しかし、OVA+ではホルムアルデヒドの曝露濃度に関係なく、気管支から末梢の終末細気管支にかけて著明な杯細胞の増生がみられた。
さらに、粘膜固有層にも好酸球ほか炎症性細胞の明らかな浸潤像は観察されなかったが、OVA+では気管上皮内に分布する肥満細胞が目立った。
3-3 トルエン曝露による上気道粘膜上皮の変化と炎症性細胞の動態
鼻腔では、呼吸上皮の細胞質内にHE 染色でエオジンに好染した小体が出現する好酸性変化が、各群5 匹中、対照群の2匹、トルエン単独曝露群の2匹、OVA 単独曝露群の5匹、OVA・トルエン重複曝露群の5匹に観察された。
好酸性変化を示す部分のPAS 反応は陰性であった。
その他に、トルエン単独曝露群では鼻道の粘膜に組織学的な変化は確認されなかったが、OVA 単独曝露群とOVA・トルエン重複曝露群では、呼吸上皮の粘膜下に少数の好酸球の浸潤が確認された。
好酸球の浸潤は、OVA 単独曝露群とOVA・トルエンの重複曝露群で同程度であった。
また、OVA を曝露した2つの群において、呼吸上皮領域にPAS 反応にて陽性を示す粘液物質を含有した杯細胞が多数観察されたが、これはトルエン単独曝露群でも頻繁に出現し、かなり出現頻度は下がるものの対照群にも同様の陽性像が観察された。
これら杯細胞の過形成には、個体差があった。Toluidin blue 染色にて、
肥満細胞の上皮内への浸潤を検索したが、すべての群において、肥満細胞は上皮下組織に分布しており、扁平上皮、呼吸上皮、嗅上皮のいずれの上皮内にも肥満細胞の浸潤はなかった。
3-4 トルエン曝露による下気道~肺の変化と炎症細胞の動態
気管・肺の組織においても、トルエンの単独曝露群と対照群との間に組織学的な差はみられなかった。
OVA 単独曝露群とOVA・トルエン重複曝露群では、気管支から末梢の終末細気管支領域の上皮に著明な杯細胞の増生を認めた。
Toluidin blue 染色にて、頭部と同様に気管・気管支上皮内への肥満細胞の浸潤を検索した結果、OVA を曝露した2つの群に肥満細胞の上皮内浸潤がみられたが、トルエン曝露群ではみられなかった。
OVA単独曝露群とOVA・トルエン重複曝露群との間で、気管支の杯細胞の増生、炎症細胞の浸潤、上皮内への肥満細胞の浸潤所見に差はなかった。
(4)結論
今回の低濃度ホルムアルデヒド(最大2000ppb)およびトルエン50ppm の吸入曝露では、マウスにおいて気道粘膜上皮細胞の著明な剥離や扁平上皮化生、腫瘍変化等を生じなかった。

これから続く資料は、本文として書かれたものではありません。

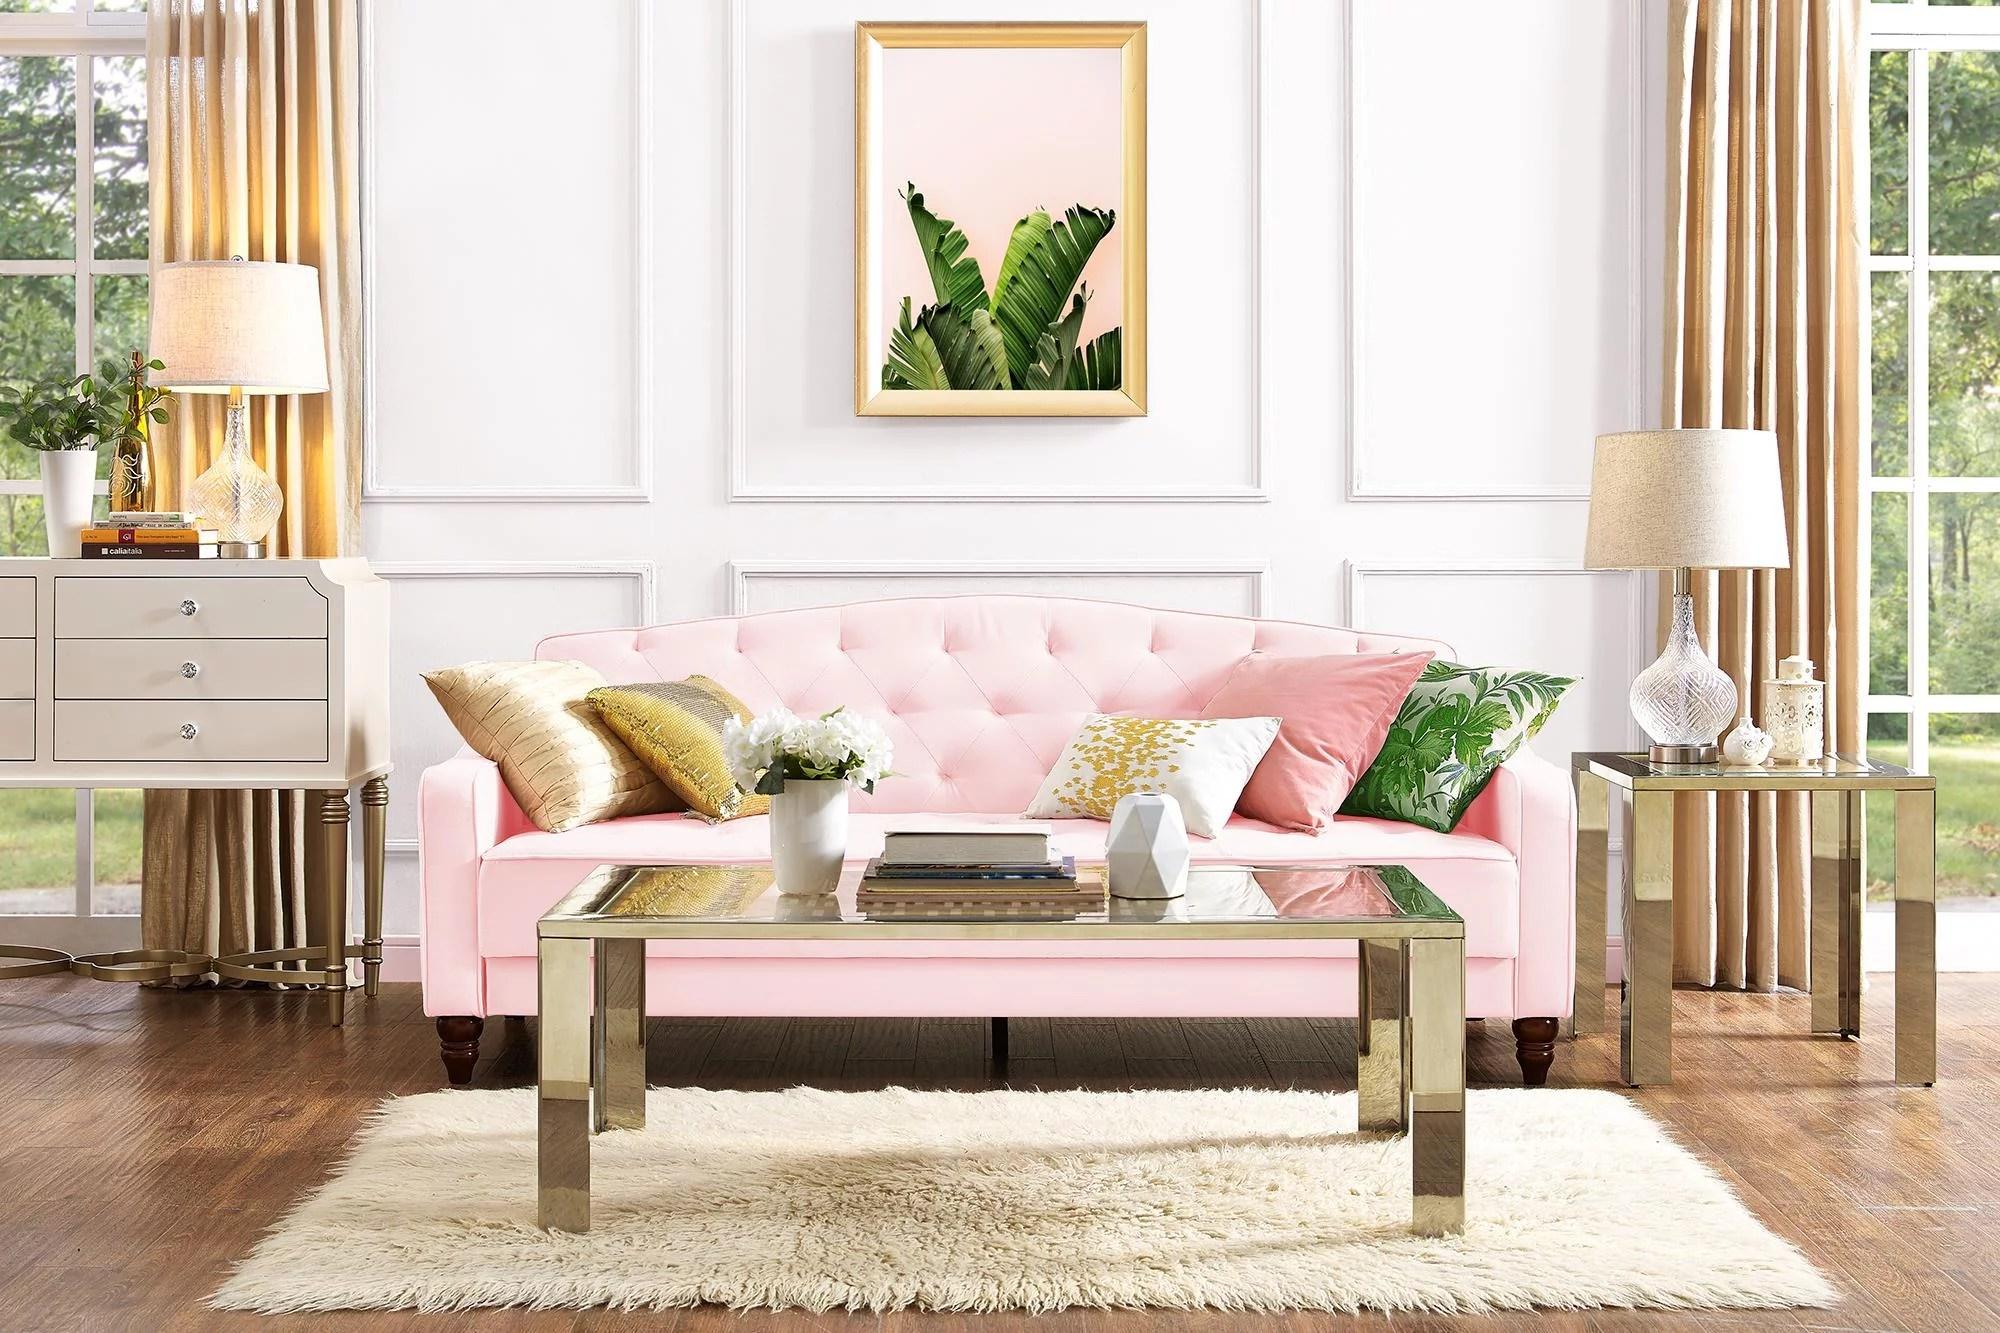 best novogratz couches at walmart
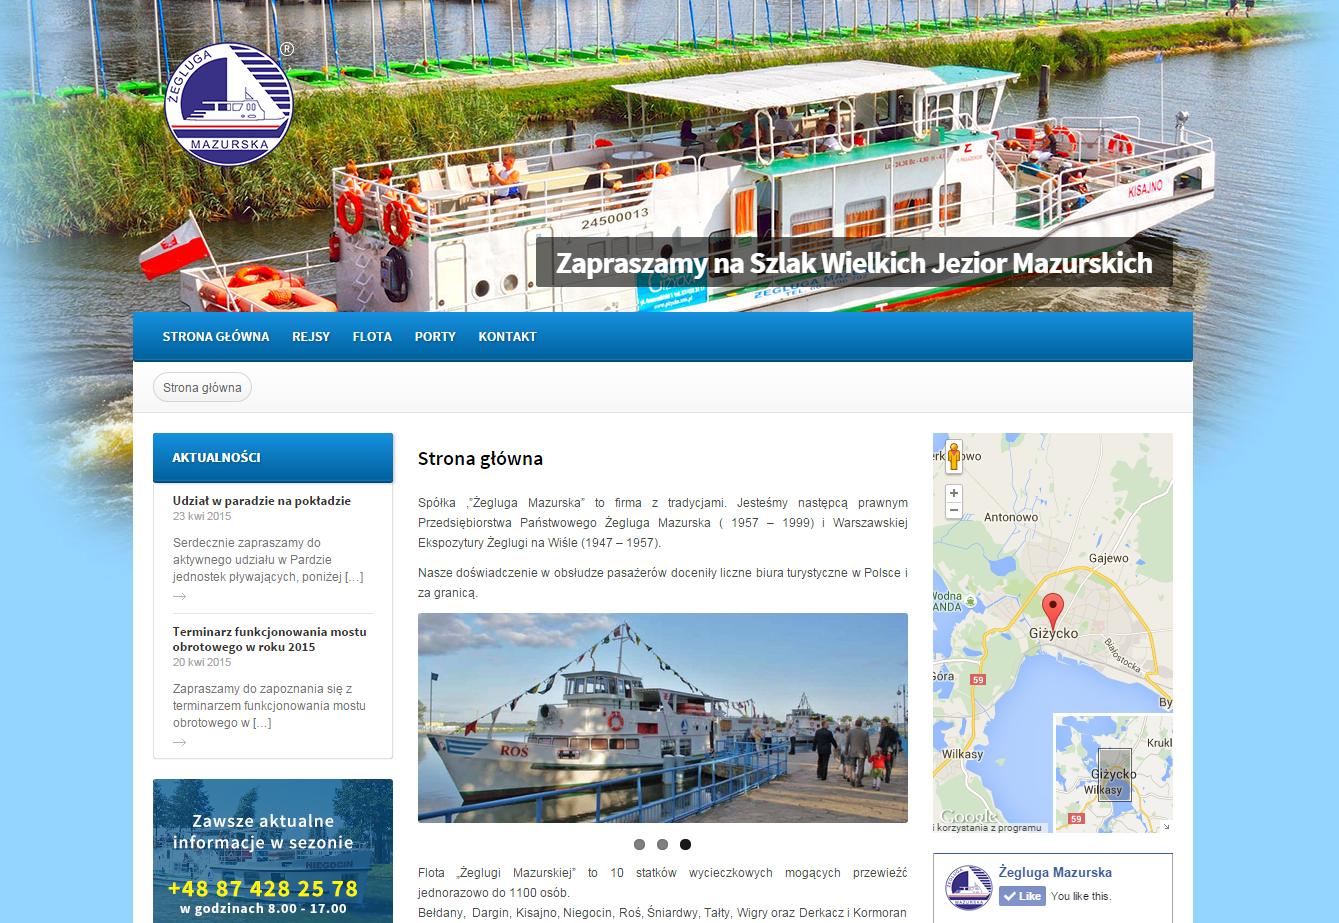 Rejsy statkami żeglugi mazurskiej

また明らかな炎症性細胞の浸潤もなく、肥満細胞(Mast cell)の分布にも変化はみられなかった。
さらに、OVA の吸入曝露による気道粘膜変化は観察されものの、OVA とホルムアルデヒドの両者による相乗効果は光顕的に確認されなかった。
runより:これでこの論文は終わりにします、図、写真等はカットしています。
内容も大きくカットしています、測定方法とか掲載の必要が無いと判断しました。